In 2007, few people foresaw the drastic reduction of interest rates to come, including financial advisers. They were enthusiastic about swaps, the hedging products designed to protect business loans from interest rises. Some business funding from banks was conditional on having a swap attached.
This has turned into a bonanza for the banks, because when interest rates drop the swap customer has to pay the difference to the lender. These Interest Rate Swap Agreements (IRSAs) are also very costly to get out of, and that was often not explained to the customers before they signed them.
Losses can be Significant
One entrepreneur, who was persuaded to buy six IRSAs in 2007, says his total losses so far amount to £1.5 million and he is only still in business because the losses are spread among several enterprises and he still has one that is profitable. He maintains that break costs or other options were never mentioned before he purchased the swaps.
Swap Mis-selling Also Significant
This constitutes serious mis-selling because banks and their representatives, as well as independent financial advisers have a responsibility to point out all risks involved in any transaction, and to ensure that products are suitable for a customer before decisions are made. The FSA recently estimated that, of SMEs that purchased swaps, around 90% were mis-sold. Many have had to down-size their staff and their growth, or have even ceased to trade altogether.
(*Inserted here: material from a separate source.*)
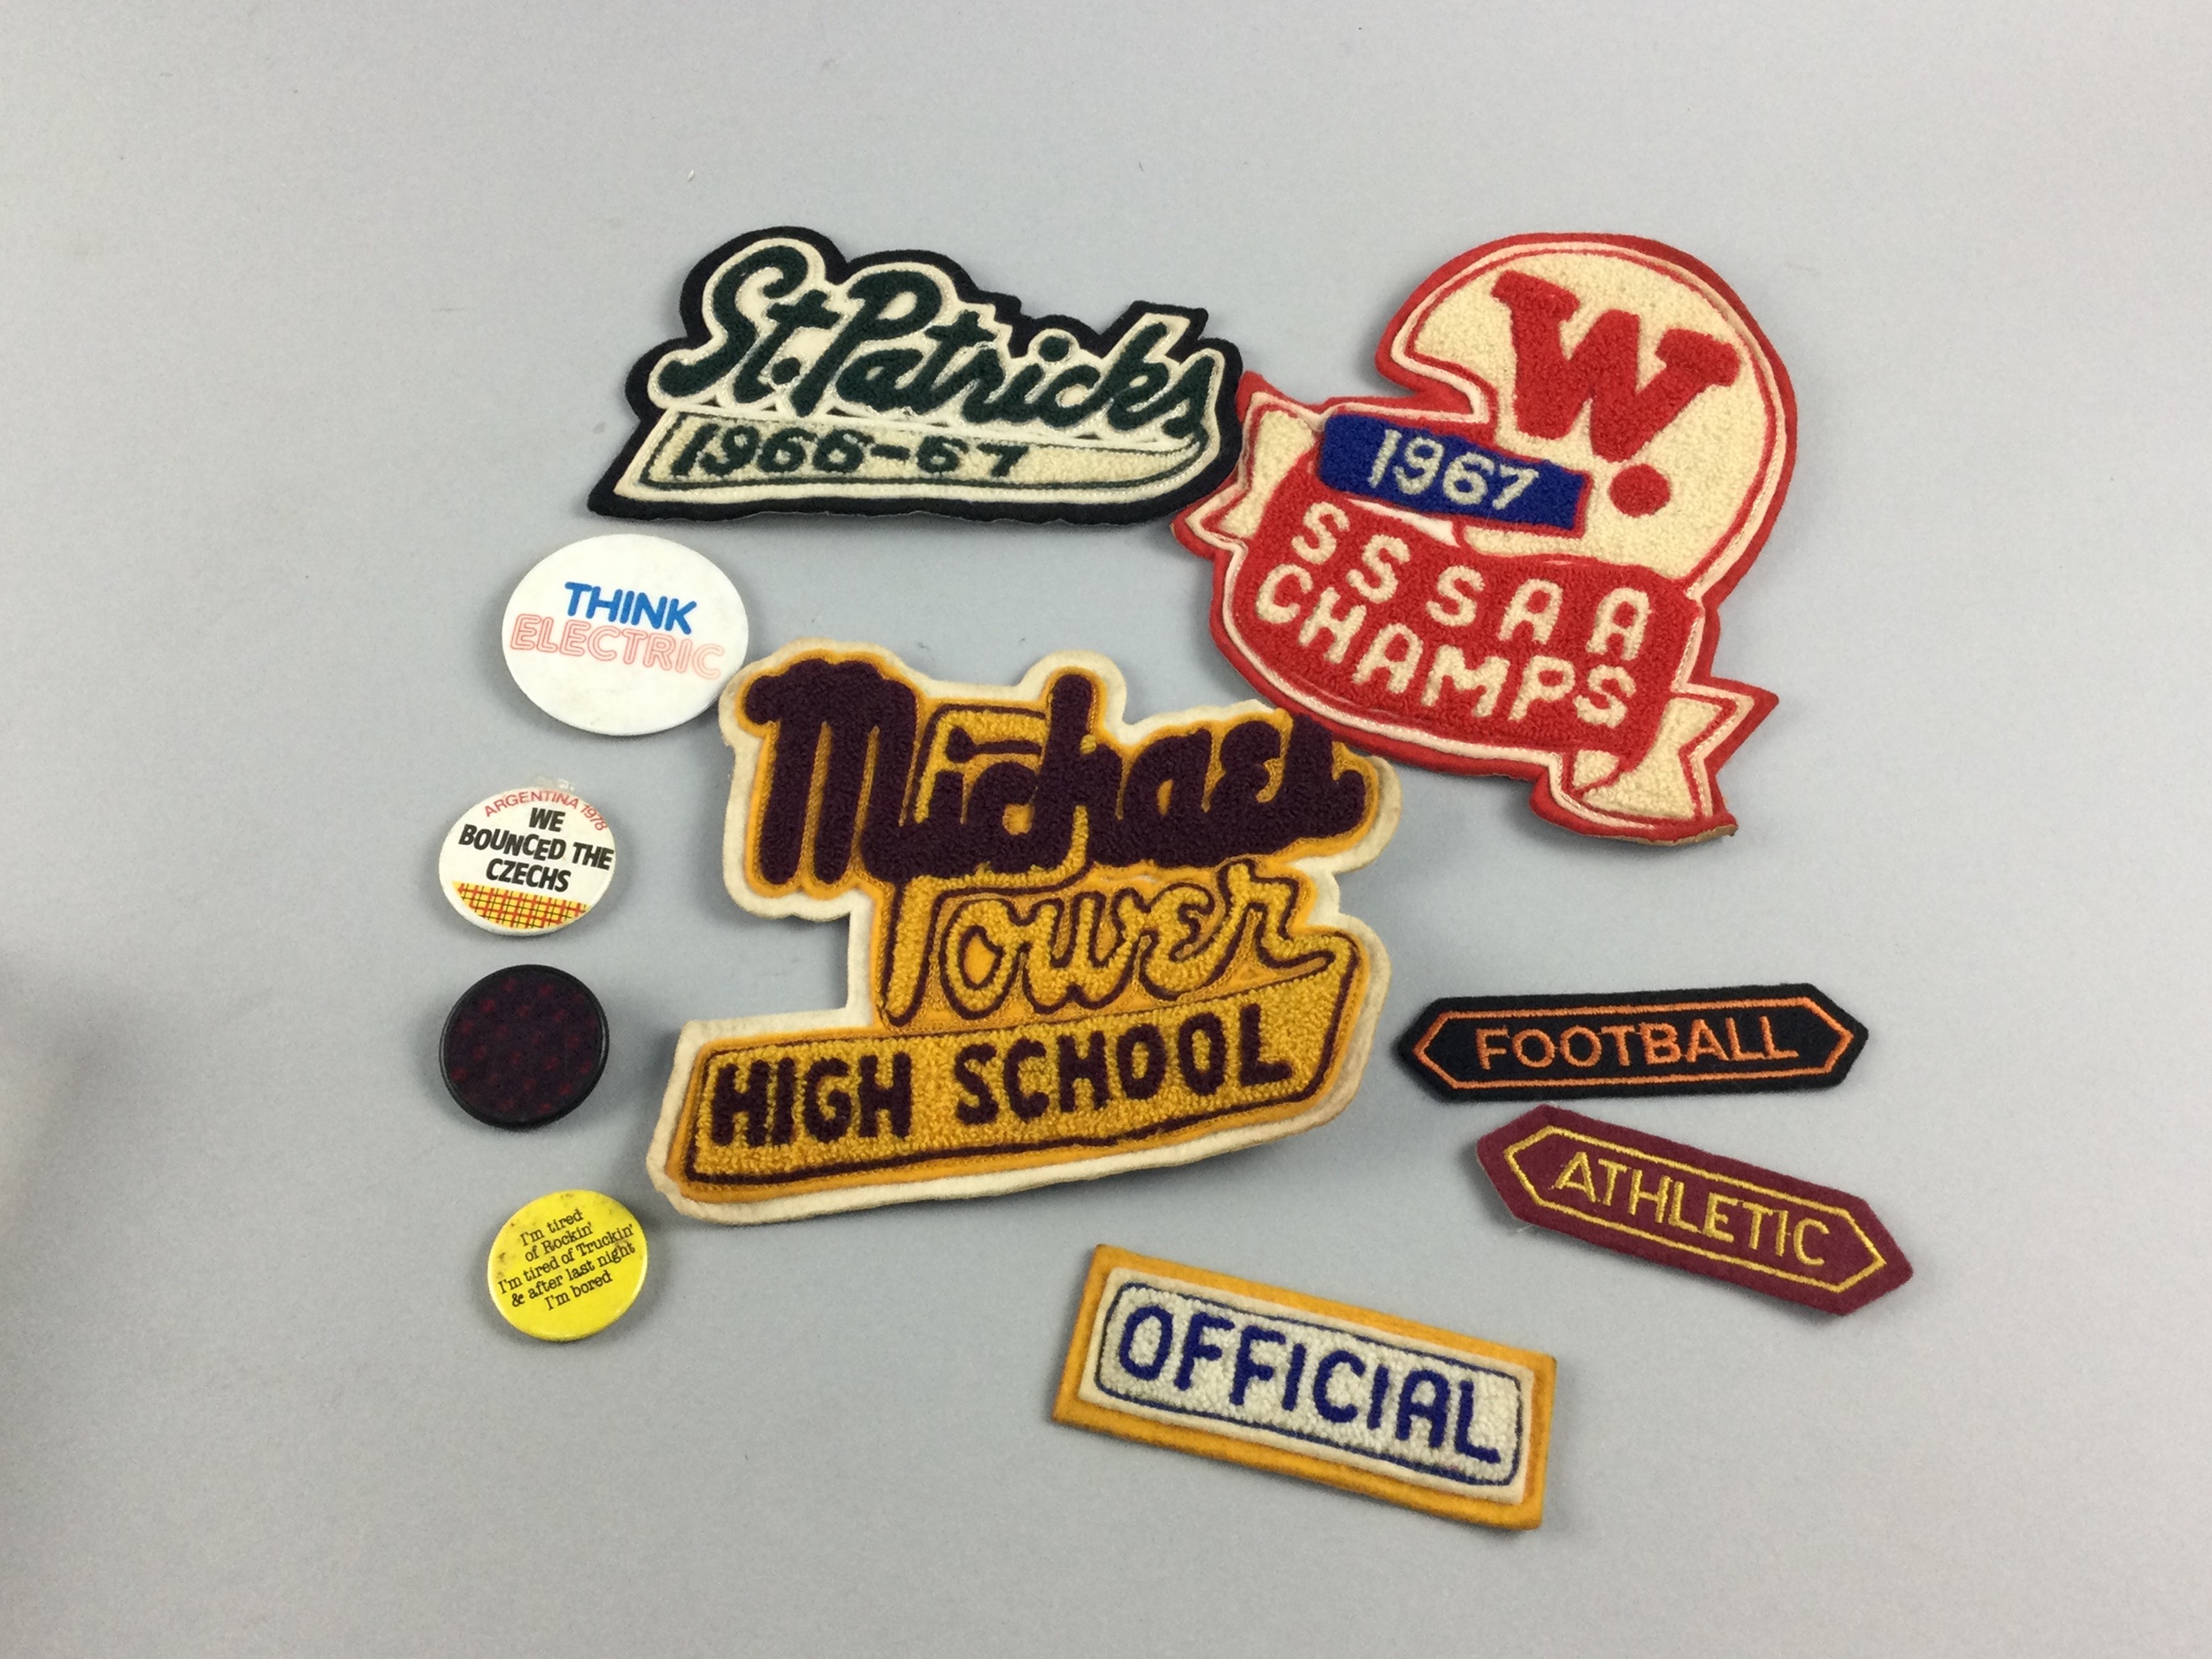 A COLLECTION OF CANADIAN 1960/70'S VARSITY EMBROIDERED PATCHES ALONG WITH 70s PINBADGES

So the FSA has set up a scheme and ordered the major banks to sort out their small business swap customers and compensate them for their losses. If you have been a victim, have a total of up to 50 staff, with a turnover of not more than £6.5 million or a balance sheet of up to £3.26 million, and your lender is involved in this scheme, you can expect compensation. You should not have to involve a financial adviser, but you should not delay talking to the lender and asking what they will do about it and how soon. The Financial Service Ombudsman can also intervene in cases where compensation will not reach more than £150,000. To claim from lenders outside this scheme, you will most likely need to get legal support, so your claims will also need to cover your legal costs.
The first step is probably to work out the difference between what repayments you would have made if your loan had been free of the swap and what you actually paid. Your outsourced bookkeepers will be the best people to help you do this.